Next, we evaluated the involvement of caspase-3 in Jurkat T cell death induced by G1/G3 Zipper, G1, or G3 using a commercially available caspase-3 inhibitor. Inhibiting caspase-3 significantly decreased the extent of cell death induced by 5 μM G1, 5 μM G3, or 0.5 μM G1/G3 Zipper over 24 h (Figure 3D). Notably, the caspase-3 inhibitor decreased the activity of G1/G3 Zipper, G1, and G3 to a similar extent. In contrast, inhibiting caspase-3 decreased the activity of G1/G3 Zipper over 4 h, yet had no effect on G1 or G3 (Supplementary Figure 3).

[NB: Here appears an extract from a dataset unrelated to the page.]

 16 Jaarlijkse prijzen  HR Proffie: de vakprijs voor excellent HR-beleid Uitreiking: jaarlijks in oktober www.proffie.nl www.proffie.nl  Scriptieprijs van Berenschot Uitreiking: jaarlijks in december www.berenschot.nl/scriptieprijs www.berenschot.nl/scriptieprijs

We characterized the role of ERK in Jurkat T cell death induced by G1/G3 Zipper, G1, or G3 using the ERK inhibitor, U0126. Inhibiting ERK increased the extent of cell death induced by G1/G3 Zipper, G1, or G3 over 4 h (Supplementary Figure 3). Over 24 h, inhibiting ERK also increased the pro-apoptotic activity of 0.5 μM G1/G3 Zipper (Figure 3E). In contrast, inhibiting ERK decreased the activity of 5 μM G1 over 24 h, but had no significant effect on the activity of 5 μM G3 (Figure 3E).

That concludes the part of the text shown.